Business and dining etiquette—Japan

Business & dining etiquette—Japan

Like in most cultures, meals can really help relationship building in Japan. If invited to dinner in Japan, you should learn a few phrases in Japanese to show your host respect. Key phrases are itadakimasu at the beginning and goschisousama deshita at the termination of a meal. The word to use when toasting is kampai and when drinking, the glass is never left unfilled. Drinking is viewed as a way to relieve the stress that comes with doing business and is an important part of networking. You should never pour yourself a drink; this is a pleasure exclusively reserved for your host.

While eating, you should slurp your noodles. This will demonstrate that you are enjoying your food. Feel free to use this time to get to know your host. Communication is very unemotional, but very direct. You may be asked questions related to the size of your house or the amount of your annual income. The Japanese strive to maximize business effectiveness and pursue topics that can help them better assess a situation or an individual. Unlike China, dinnertime is acceptable for business discussion. Although they are direct, the Japanese are very comfortable with silence and use it often in conversation. You must learn to interpret these signals and not mistake them for insecurity.

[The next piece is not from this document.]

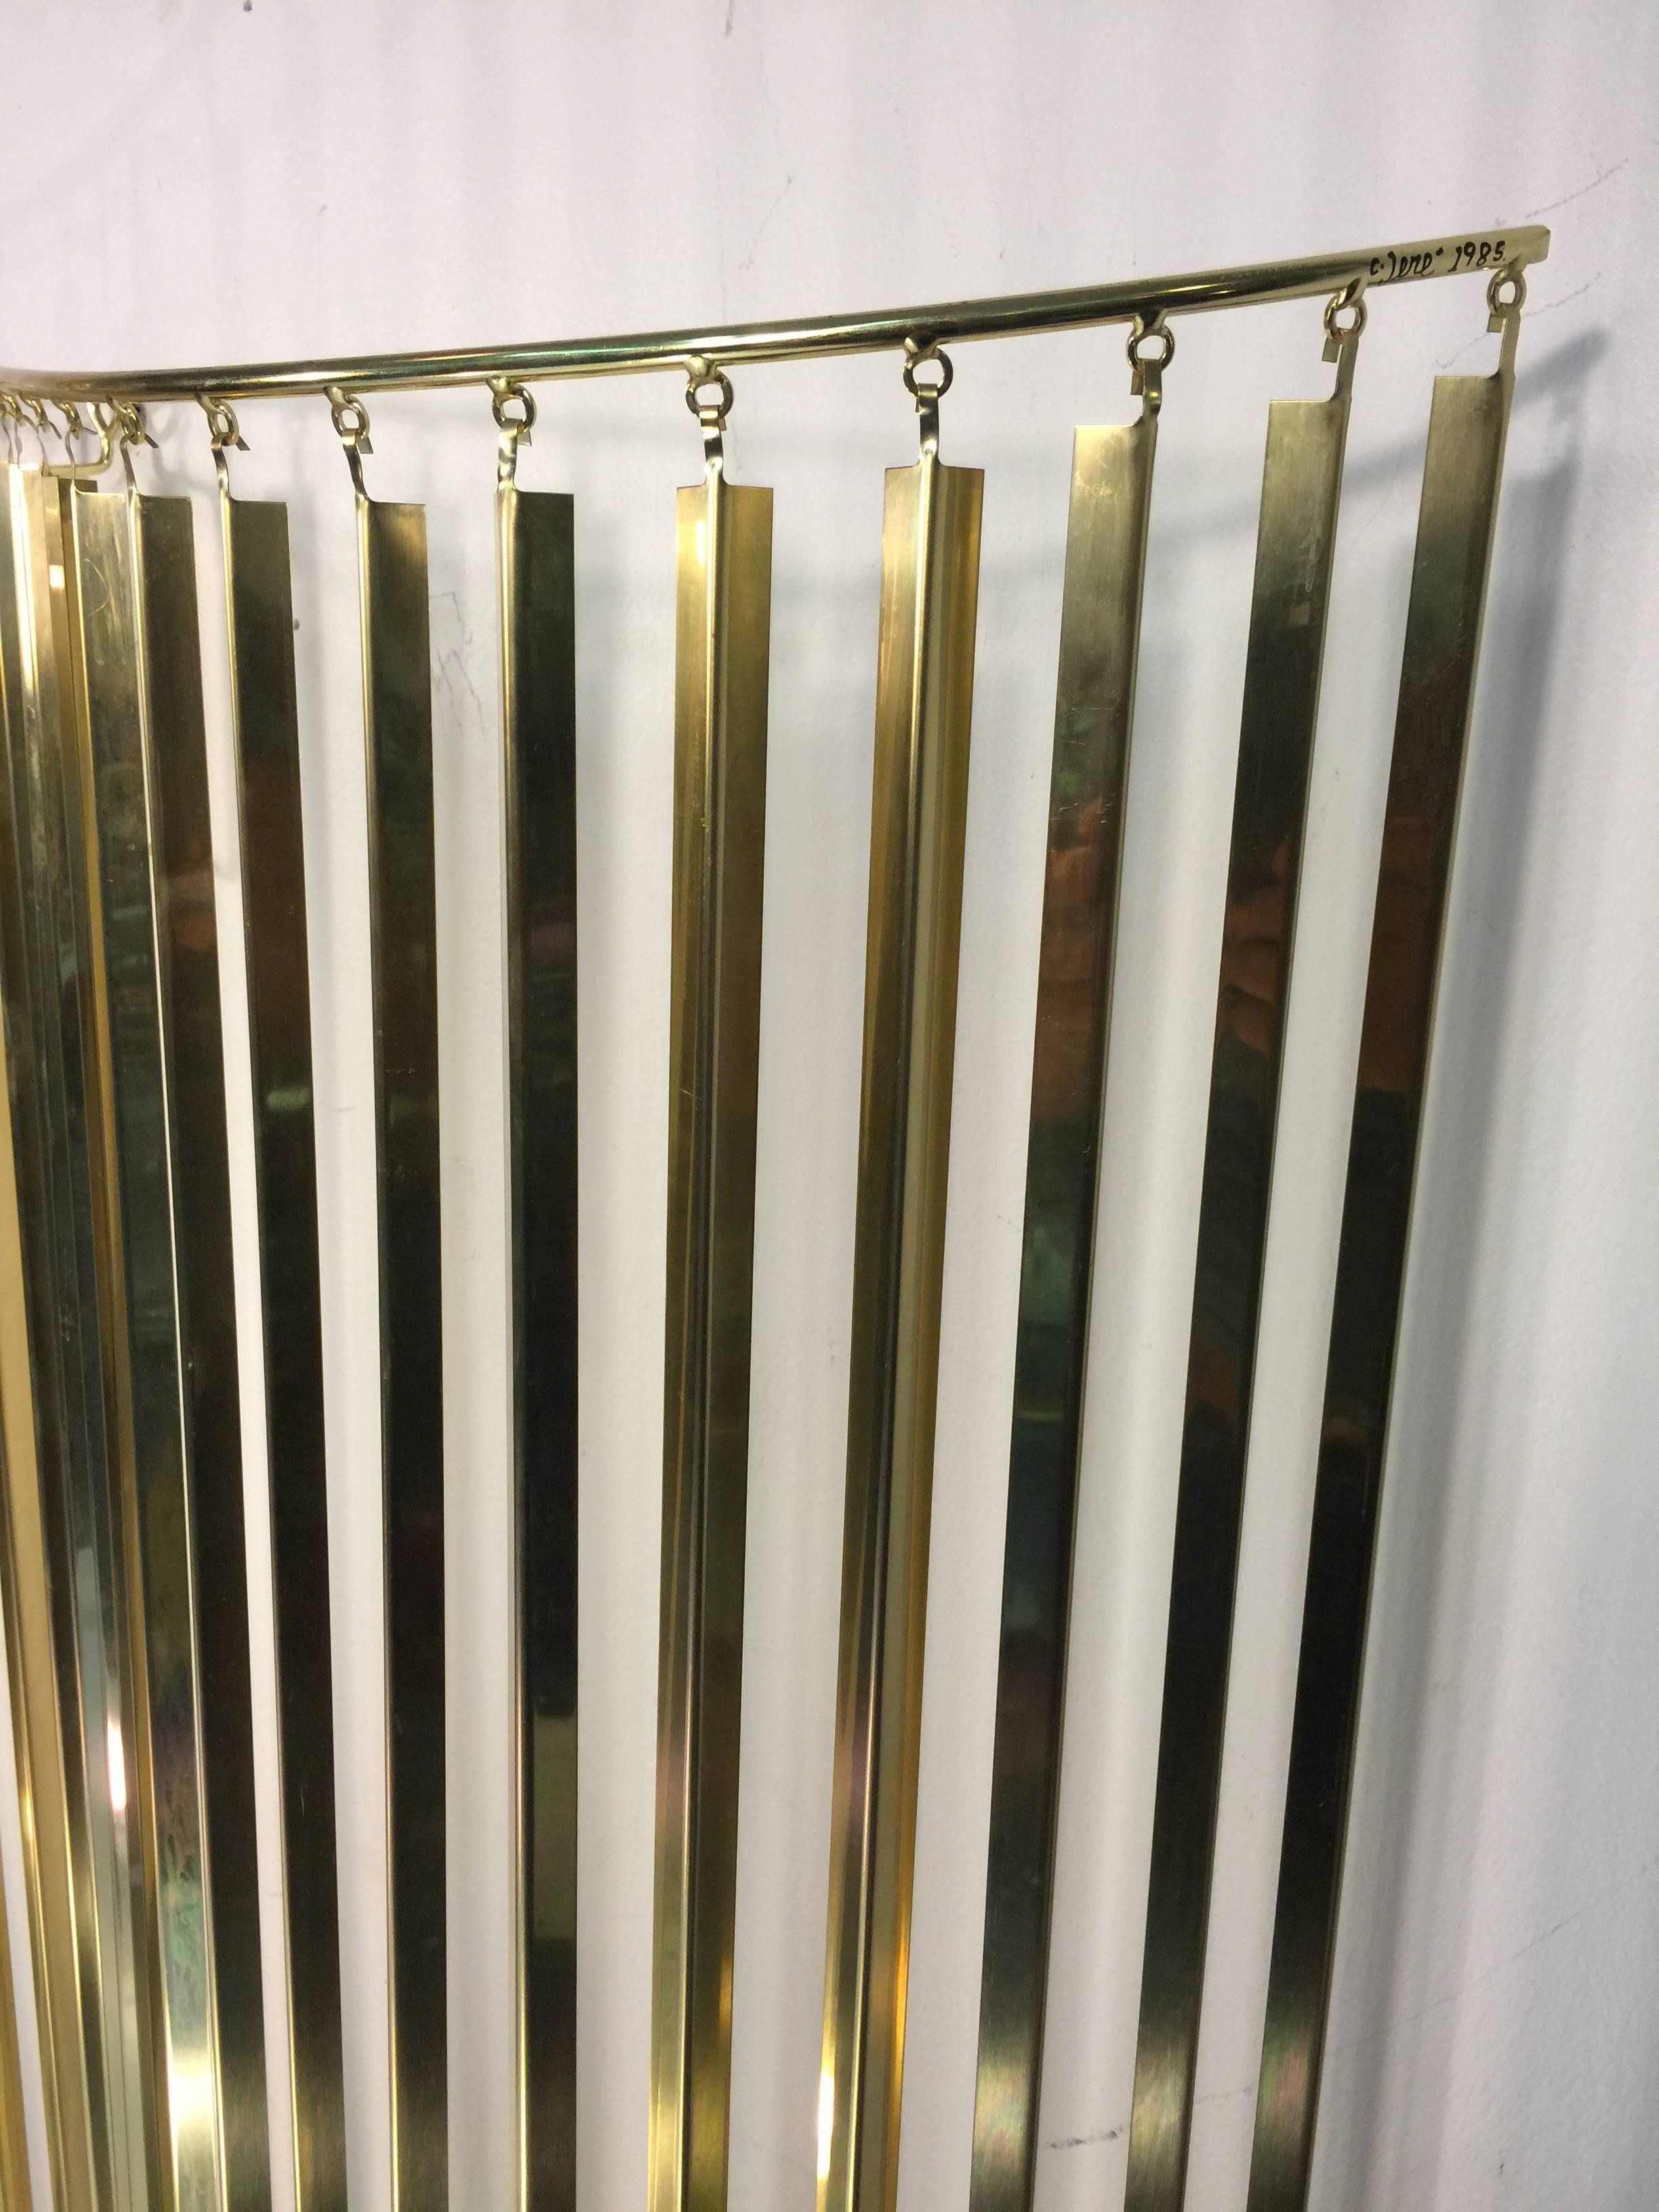 American Wonderful Curtis Jere Kinetic Wave Form Chrome and Brass Wall Sculpture For Sale

Dinners are usually held after business hours at bars, restaurants, or “hostess bars.” The latter are reserved exclusively for businessmen, and women should not attend. If invited out, you should allow your host to pay. Reciprocation of this gesture is expected as well. To invite your host out, choose a Western-style restaurant and insist on paying for the meal. Do not openly display money, however. Use an envelope if needed.